A Coreia do Norte reiterou também que o desenvolvimento pacífico de uma corrida espacial é um direito legítimo de qualquer país soberano e que o lançamento tem como objetivo a prosperidade do regime.
A agência de notícias sul-coreana informou nesta quinta-feira que a Coreia do Norte enviou um esquadrão de caças para uma base aérea próxima à costa leste do país, onde está sendo preparado o lançamento do foguete.
Fontes do governo sul-coreano não-identificadas, citadas pela Yonhap, afirmam que o envio dos aviões parece estar destinado a responder aos movimentos do Japão para interceptar o foguete norte-coreano.
Tóquio ordenou na semana passada a seu Exército que destrua o foguete norte-coreano caso o lançamento falhe e suas partes caiam em território japonês.
Por precaução, o Japão ordenou a mobilização de três navios e de baterias antimísseis ao redor de Tóquio. Os EUA também deixaram de prontidão dois navios com interceptadores de mísseis na base naval de Busan, na Coreia do Sul. A Coreia do Norte advertiu, no entanto, que qualquer interceptação de seu foguete será interpretada como um ato de guerra.
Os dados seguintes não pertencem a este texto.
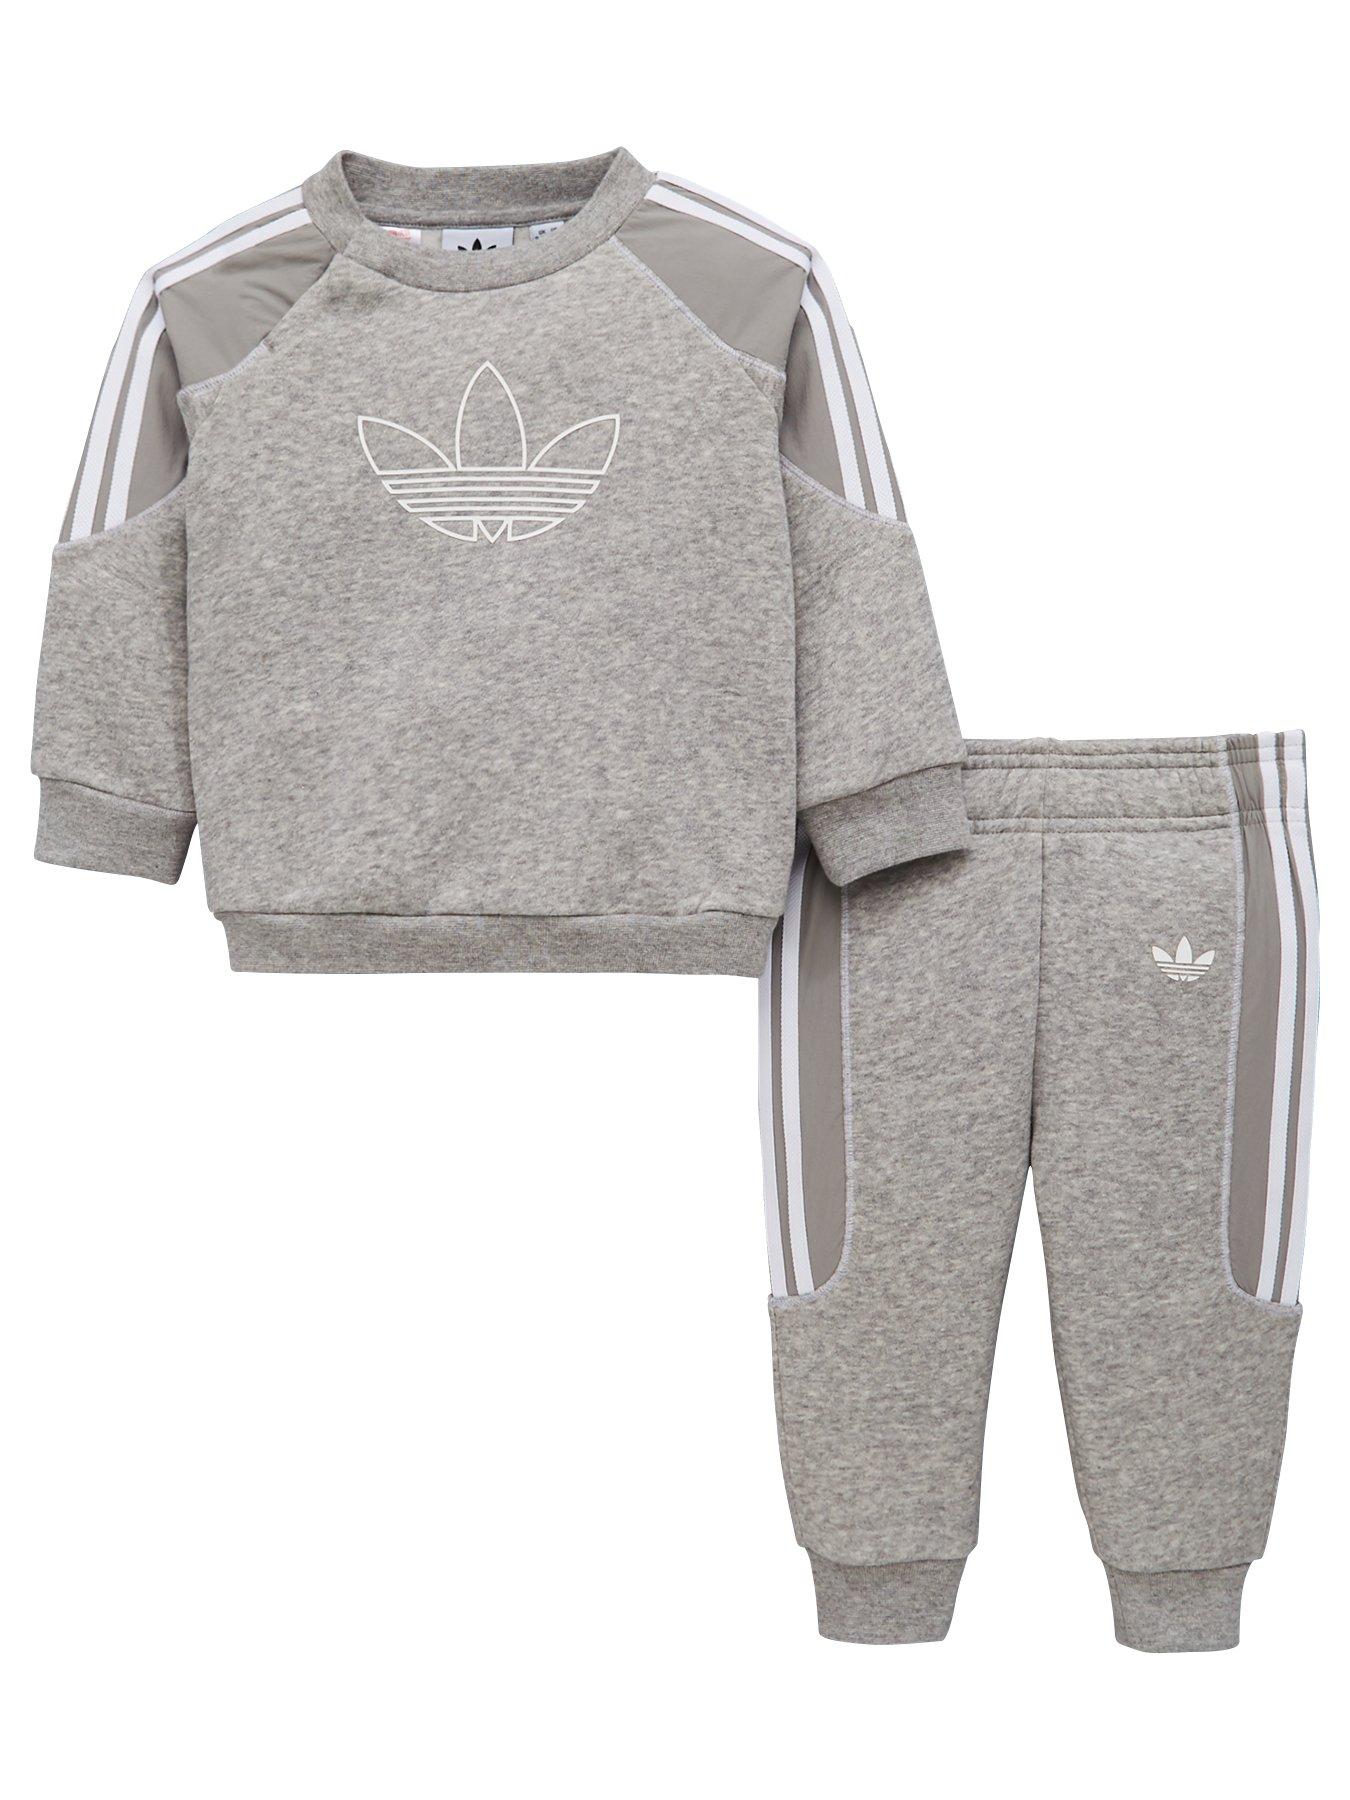 Adidas | Baby clothes | Child & baby | www.littlewoods.com
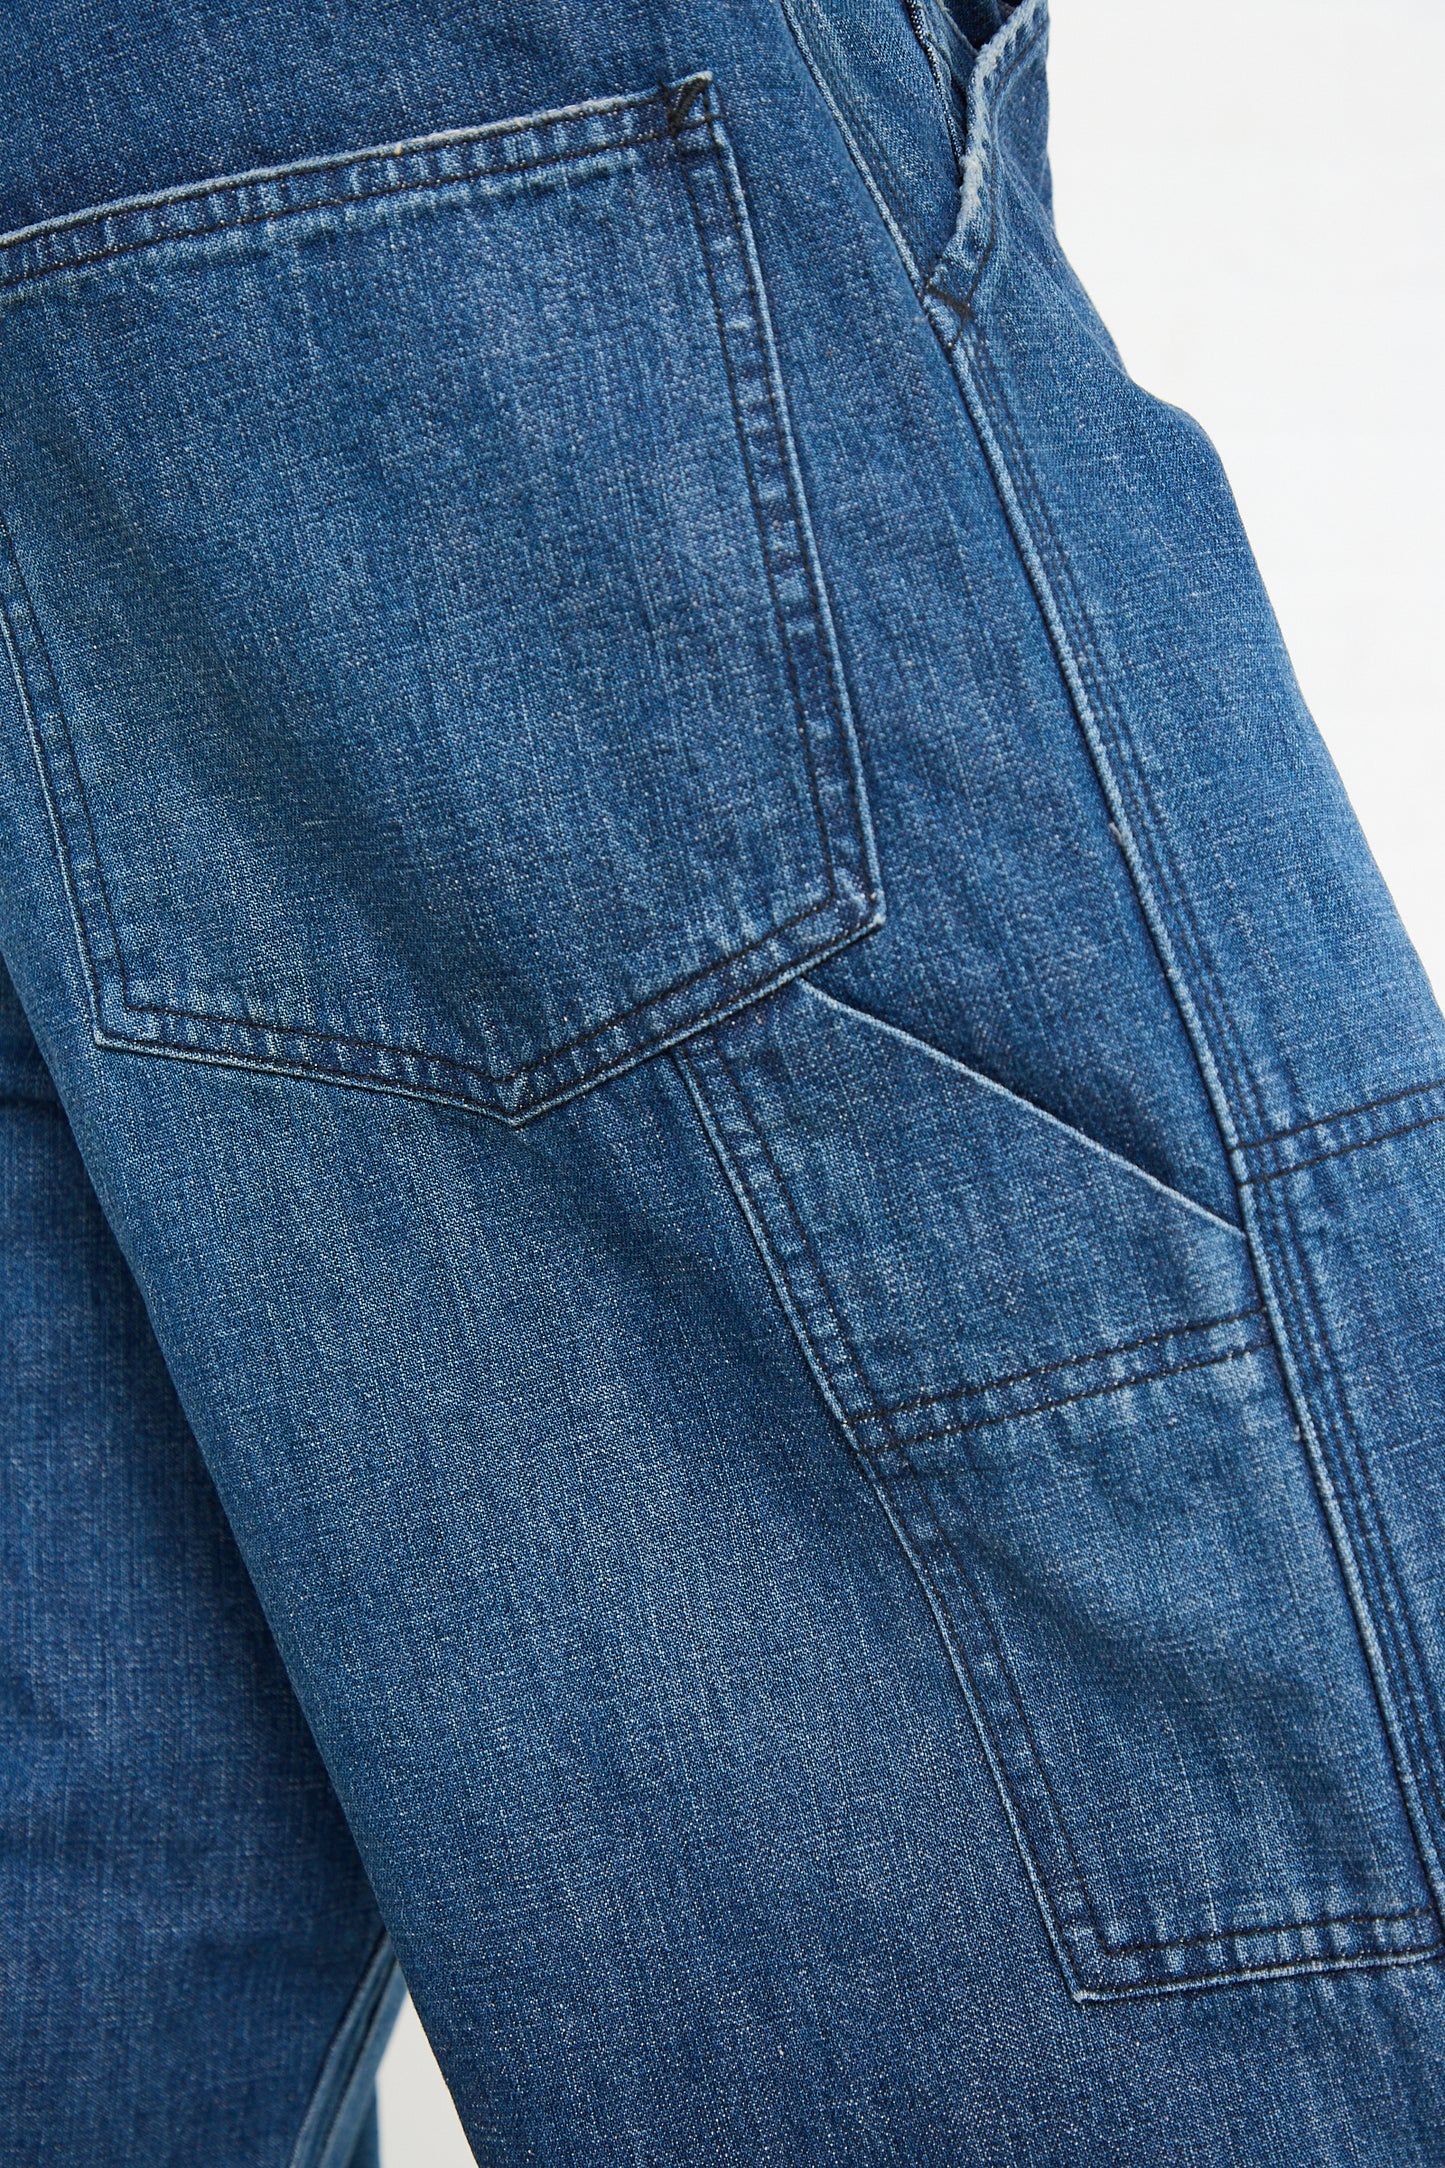 Close-up of the back pocket and seam of blue Denim Double Knee Work Pant in Indigo jeans crafted by Chimala's Japanese denim artisans.

A rede de televisão CNN informou que a Coreia do Norte começou a abastecer com combustível o foguete , citando uma fonte militar de alta patente dos EUA. Especialistas dizem que, com isso, o foguete está pronto para ser lançado dentro de três a quatro dias
A Coreia do Sul, o Japão e os Estados Unidos consideram que o lançamento na verdade disfarça um teste com o míssil de longo alcance Taepodong-2, o que violaria sanções da ONU em vigor desde um teste anterior, em 2006. As três nações acordaram uma "colaboração próxima" caso realmente ocorra o teste. Pyongyang diz que seu objetivo é colocar em órbita um satélite de comunicações, com fins pacíficos. ( A crise com a Coreia do Norte em imagens ).
Japão e EUA reforçam cooperação em caso de foguete norte-coreano Japão pode estender sanções se Coreia do Norte lançar fogueteO governo do Japão poderá prorrogar as sanções à Coreia do Norte, que terminam no próximo dia 13 de abril, por mais um ano mais, caso Pyongyang realmente não recue no lançamento do foguete.
Parlamento do Japão exige à Coreia do Norte que não lance um míssil de longo alcanceO Japão tem atualmente em vigor sanções econômicas contra o regime da Coreia do Norte prorrogadas a cada seis meses e que foram impostas desde o teste nuclear feito por Pyongang em outubro de 2006. Entre outras coisas, as sanções proíbem a importação de produtos norte-coreanos pelo Japão, assim como as exportações de muitos itens japoneses à Coreia do Norte. As restrições também impedem a entrada no Japão de cidadãos da Coreia do Norte, com exceção dos que residam no país, e a exportação de bens de luxo ao regime comunista.
A Coreia do Norte também advertiu, na quarta-feira, que derrubará qualquer avião espião americano que sobrevoe seu território para vigiar o lançamento do satélite .
"Se os mafiosos imperialistas americanos ousarem fazer espionagem aérea, interferindo em nossos preparativos para o lançamento de um satélite com propósitos pacíficos, nossas forças revolucionárias os derrubarão", informou a rádio oficial do regime comunista, citada pela agência de notícias sul-coreana Yonhap.
Trata-se de uma ameaça incomum contra as atividades aéreas de reconhecimento dos aviões espiões americanos e sul-coreanos que sobrevoam de forma rotineira a Coreia do Norte, como indica a agência Yonhap. Segundo o governo de Pyongyang, EUA e Coreia do Sul já fizeram pelo menos 190 missões de espionagem aérea sobre seu território.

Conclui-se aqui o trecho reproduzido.